Jian-wen Ma1, De-chun Li1, Zhong-guo Zhang2, Yu Li1, Ying-bing Wang1, Zhi-qiang Cao1
1 Department of Bone Traumatology, Affiliated Hospital of Qinghai University, Xining, Qinghai Province, China
2 Department of Orthopedics, Qinghai Province Reserve Brigade Hospital, Xining, Qinghai Province, China
|Date of Web Publication||17-Oct-2017|
Department of Bone Traumatology, Affiliated Hospital of Qinghai University, Xining, Qinghai Province
Source of Support: None, Conflict of Interest: None
Background and objectives: Hypoxia is an important factor that affects bone formation and regulates bone growth. Therefore, many older adult patients living in high-altitude hypoxic areas exhibit osteoporosis. Oxidative stress-related hypoxia-inducible factors can induce abnormal expression of various factors including vascular endothelial growth factor (VEGF), insulin-like growth factor, and endothelin. However, it remains unclear whether these factors influence changes in bone metabolic markers. This study protocol aimed to investigate the correlation between oxidative stress-related factors and bone metabolic markers in older adult male patients with degenerative osteoporosis who reside in the high-altitude hypoxic area of China.
Design: A prospective, single-center, non-randomized, controlled trial.
Methods: One hundred and twenty older adult male patients with degenerative osteoporosis residing in the high-altitude area of China who receive treatment at the Affiliated Hospital of Qinghai University of China between January 2015 and February 2018 are being included in the osteoporosis group. One hundred and twenty healthy older adult males who concurrently received physical examination are being included in the control group. One day after admission, serum levels of hypoxia-inducible factor 1-alpha (HIF-1α), HIF-2α, VEGF, osteocalcin, and tartrate-resistant acid phosphatase 5b (TRACP 5b) were measured using an enzyme-linked immunosorbent assay. Bone mineral density in L1–4 segments, right femoral neck, and the greater trochanter of the femur was detected using dual-energy X-ray absorptiometry.

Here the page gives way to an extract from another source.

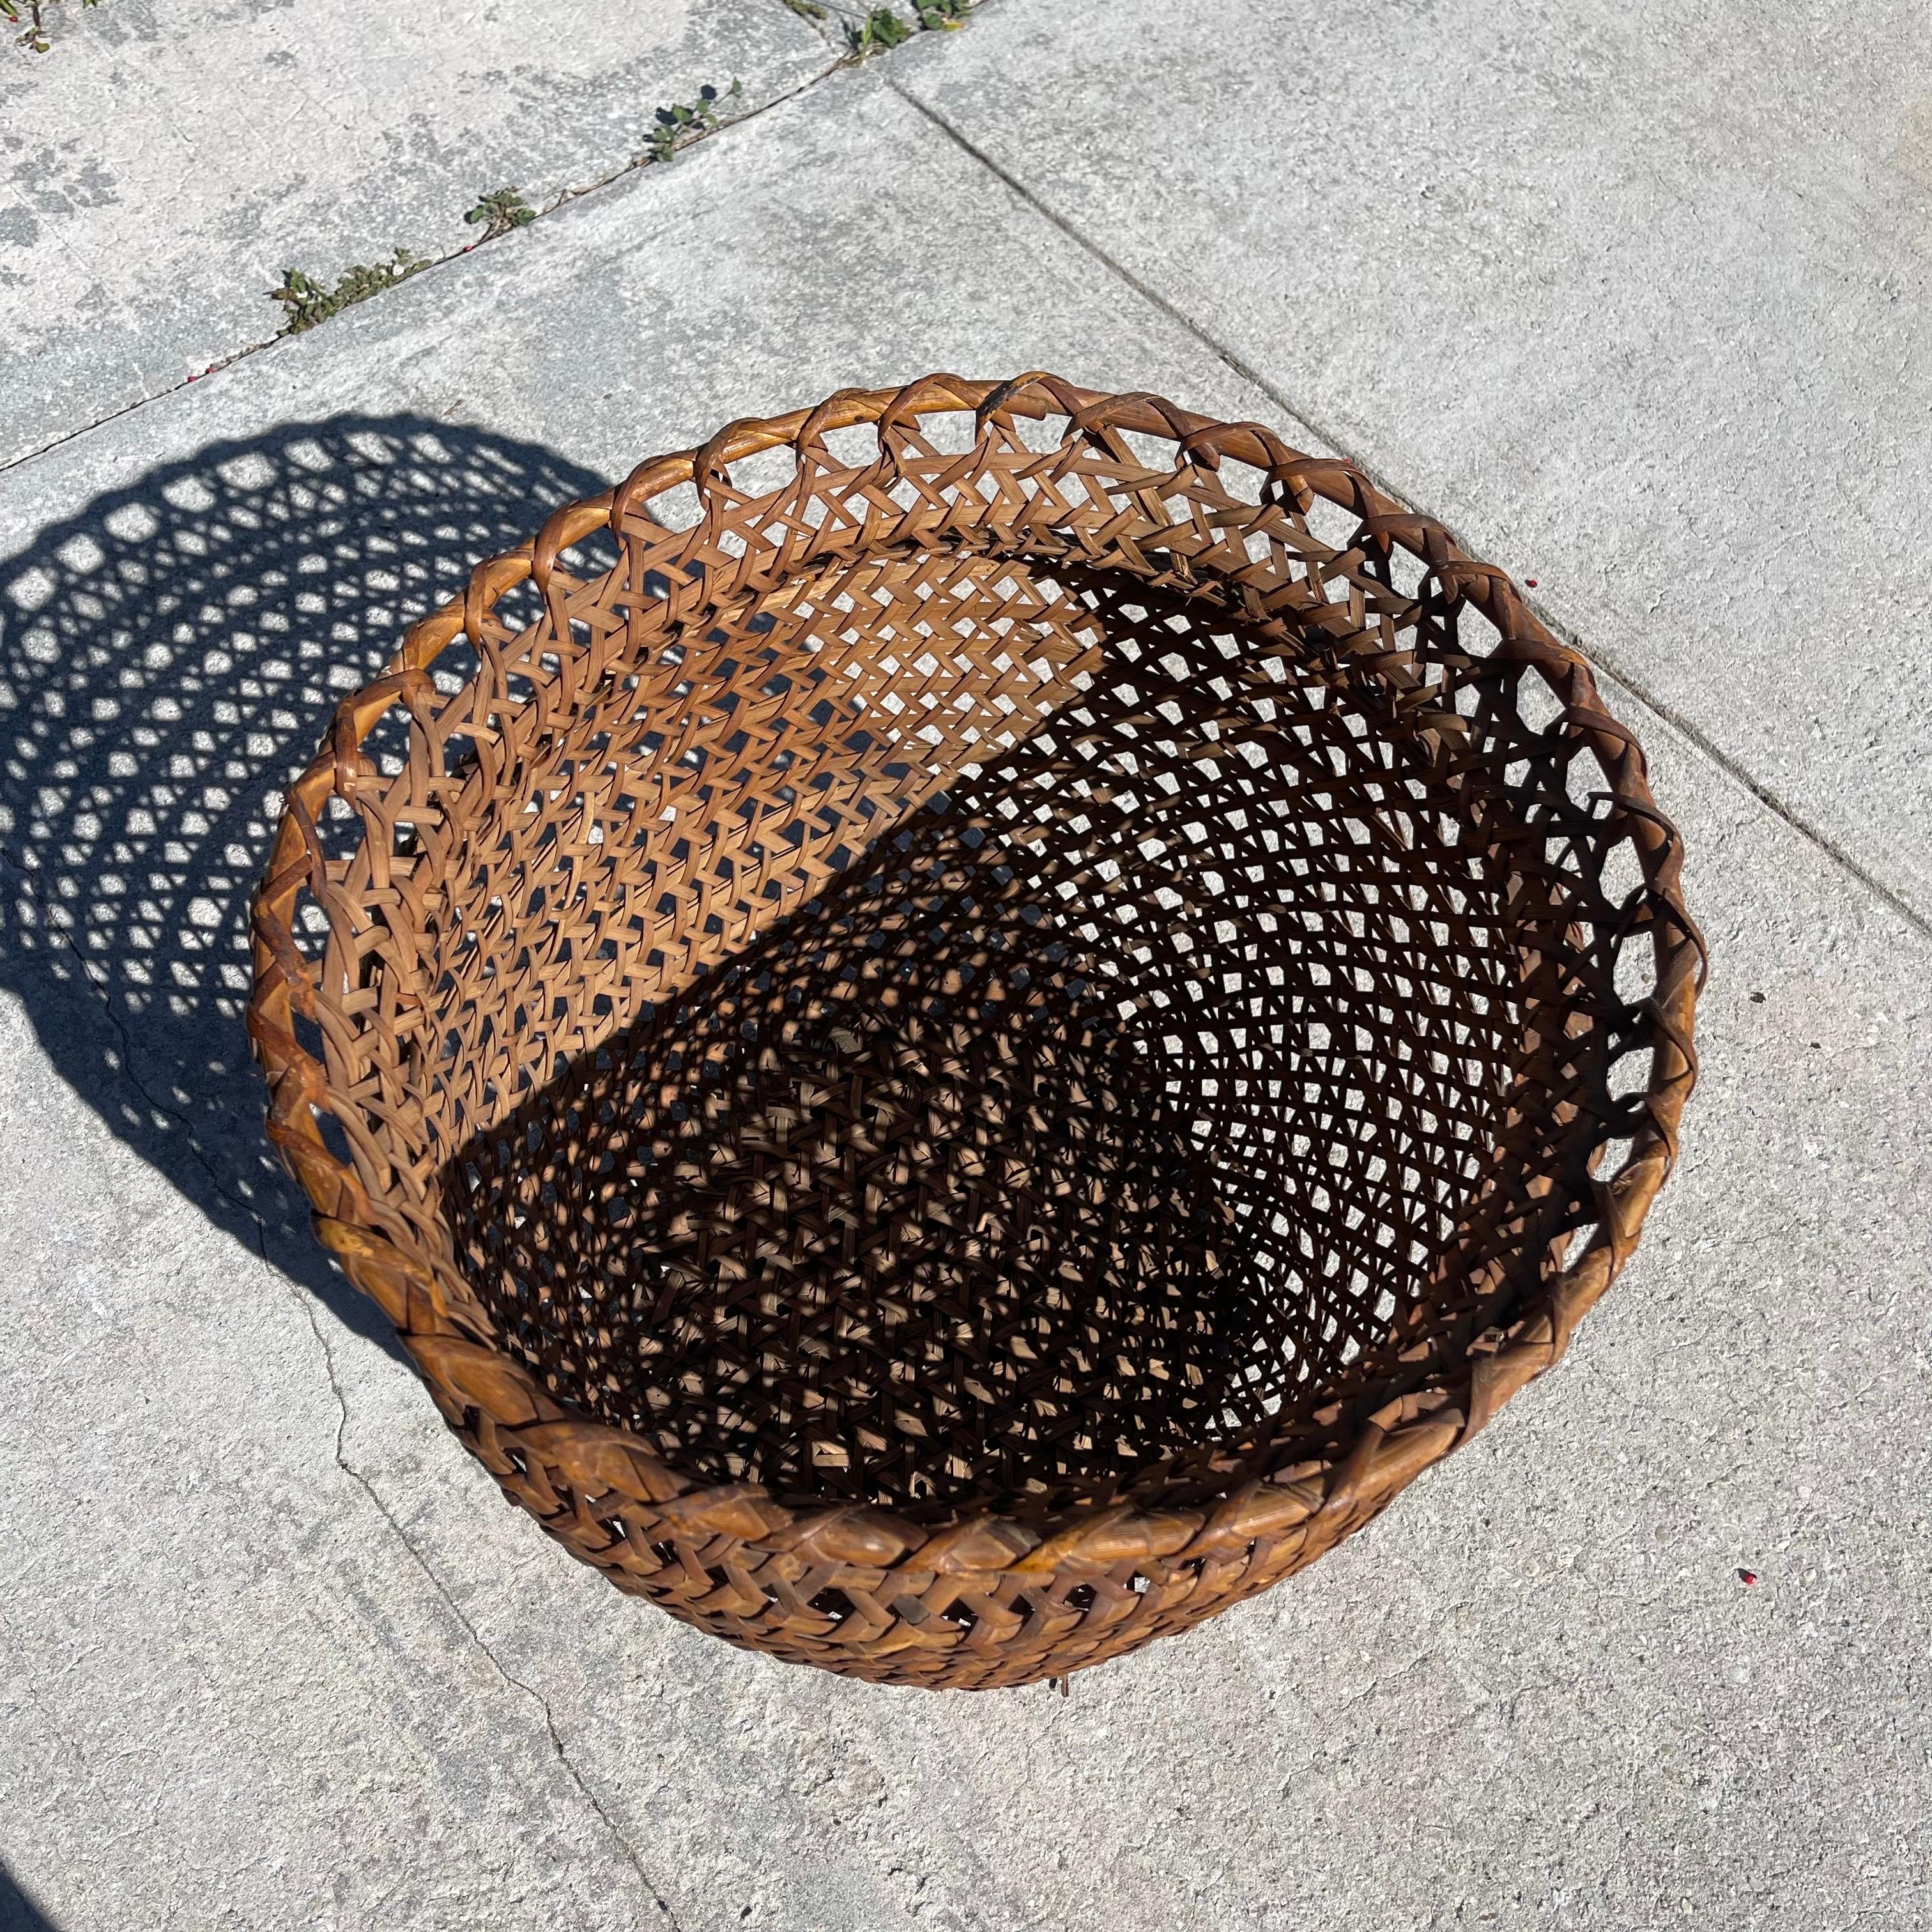 Mid-20th Century Handwoven Cane Wicker Rattan Basket For Sale 1

Outcome measures: The primary outcome measure of this study is serum HIF-1α levels at 1 day after admission. Secondary outcome measures include serum levels of HIF-1α, HIF-2α, VEGF, osteocalcin, and TRACP 5b at 1 day after admission, as well as the correlation between serum levels of oxidative stress indicators (HIF-1α, HIF-2α, and VEGF) and bone metabolic markers (osteocalcin and TRACP 5b) at 1 day after admission.
Discussion: Findings from this study aim to validate the correlation between oxidative stress-related factors and bone metabolic markers in older adult male patients with degenerative osteoporosis who reside in the high-altitude area of China.
Ethics and dissemination: This study was approved by the Ethics Committee of the Affiliated Hospital of Qinghai University of China (approval No. QHY1402G). The study was performed in accordance with the Declaration of Helsinki. Participants are informed of the study protocol and procedures, and sign an informed consent. Participant recruitment, blood sampling, and data collection began in January 2015 and will be ended in February 2018. Outcome measure analysis and trial completion will be in March 2018. Results will be disseminated through presentations at scientific meetings and/or by publication in peer-reviewed journals.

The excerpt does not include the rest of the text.